One more day my dear ones and I will be done with my IB exams and high school forever, then I will be posting again. And once again I’m so sorry for being rubbish these past 3 weeks, my life has been a living hell with all these exams. But thank you for staying with me and haven’t unfollowed, you shall soon be rewarded for your patience haha :)
Awh thank you, I’m glad you like it!
And to answer your questions:
1. I usually have a cup of black coffee and maybe a green apple for breakfast. Then for lunch either just more coffee or tomato/basil cup a soup. And for dinner I eat whatever is served at home, but I try to stick to a small portion, but can’t go too small or le mother goes insane.
2. I have posted a few pictures of me in the past, but none of them are very recent, so I guess I could post a new one..
There you go:)
Day 30: 10 facts about you! And now, what are your stats?
And I’m so bummed my scale broke yesterday, spent hours trying to fix it, but nope. It kept telling me I was everything between 99-106 pounds. And I am not. I wish I was, cause that’s everything from my UGW to my LW. So yeah I can’t share any stats today..
Day 29: Your definition of beauty.
That’s difficult. I don’t think I have a specific definition of beauty. Beauty is too big of a word to just be defined like this. Beauty is individual, it’s both physical and abstract. It’s a huge concept.
Day 28: Do you want that “gap” between your legs? Why?
Yes. I want it so bad. I used to have it 2 years ago, before I was forced into recovery. I want it because it’s beautiful and sign that I am skinny. I hate seeing and feeling my thighs touch. I will get my gap back.
Day 27: How do you deal with being around food?
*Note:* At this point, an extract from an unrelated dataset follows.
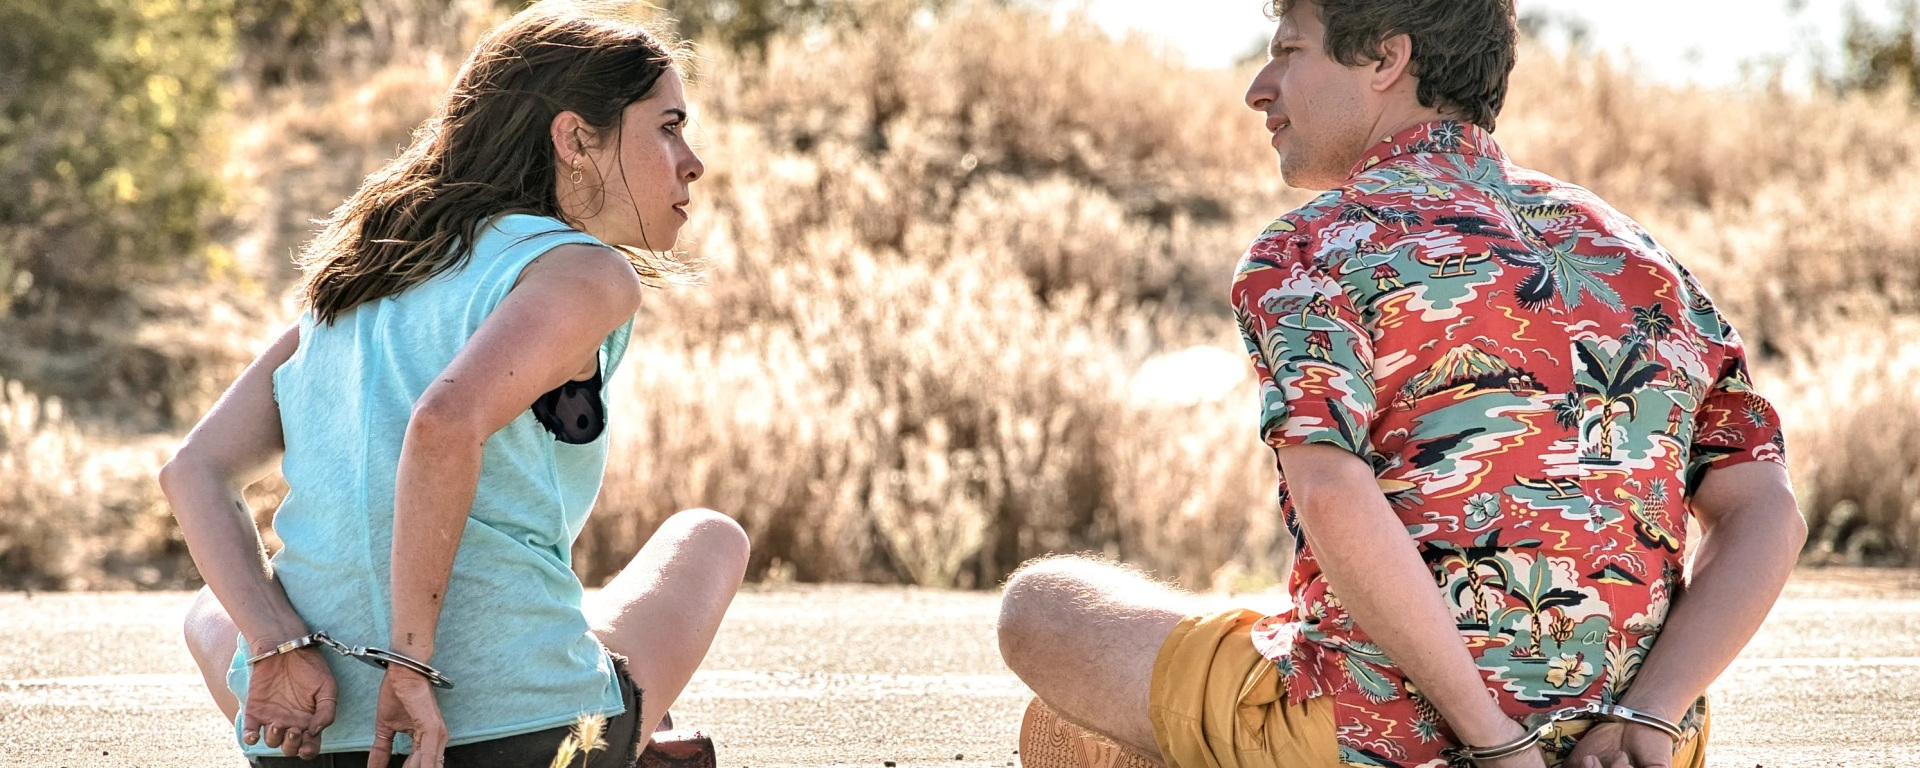 Palm Springs - CineFatti

On a good day I ignore it, but usually I have a really hard time being around food. I have a sick food obsession. Food is always on my mind. I always think about how to avoid it, or what I could be eating, how much of it I could eat, how many calories it has, if it’s easily purged, and so on and so forth. If left on my own with food on a bad day I will eat everything I can get my hands on and spend hours getting rid of it again.
Day 26: What excites you most about reaching your ugw?
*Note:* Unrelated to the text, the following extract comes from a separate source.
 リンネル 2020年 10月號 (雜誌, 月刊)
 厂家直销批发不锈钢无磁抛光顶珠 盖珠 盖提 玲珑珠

Besides hopefully finally feeling happy with my body, I can’t wait to finally feel accomplished, that I’ve actually reached a goal for once and really worked for it.
Day 25: Have you ever purged? If you have describe your first experience.
Way too many times, being bulimic and all. I spent years trying before I managed. I tired the whole fingers down your throat thing, but that simply didnt work for me. Then I found this tip about drinking salt solution, so desperate as I was, I tried it, and barfed like crazy. It was vile though, the sting in the throat was horrible, but I kept going like that for a while, then after doing that a few times purging came naturally by just pressing my belly and gagging. In the end, after doing that several times a day I didn’t even have to press, the food just automatically attempted to leave my body, which was a pain when I was forced into recovery and banned from the bathroom for a good2-3 hours after every meal. I couldn’t handle any sort of pressure on my stomach, or I’d just throw up. Now, when I don’t purge as often as I used to, it sorta needs the pressure again. But yeah purging is not as physically horrible now as it was with the salt solution, but I swear never in my life have I felt so useless as when I’m leaning over the toilet seat, watching my sins being flushed down the drain.
Day 24: How do you feel about the terms pro-ana/pro-mia
I don’t like them. Eating disorders are diseases, not lifestyles. People might want to be skinny like anorexics, but anorexia is so much more than just being thin, so much you can’t understand unless you’ve been through it. It’s nothing to be glorified.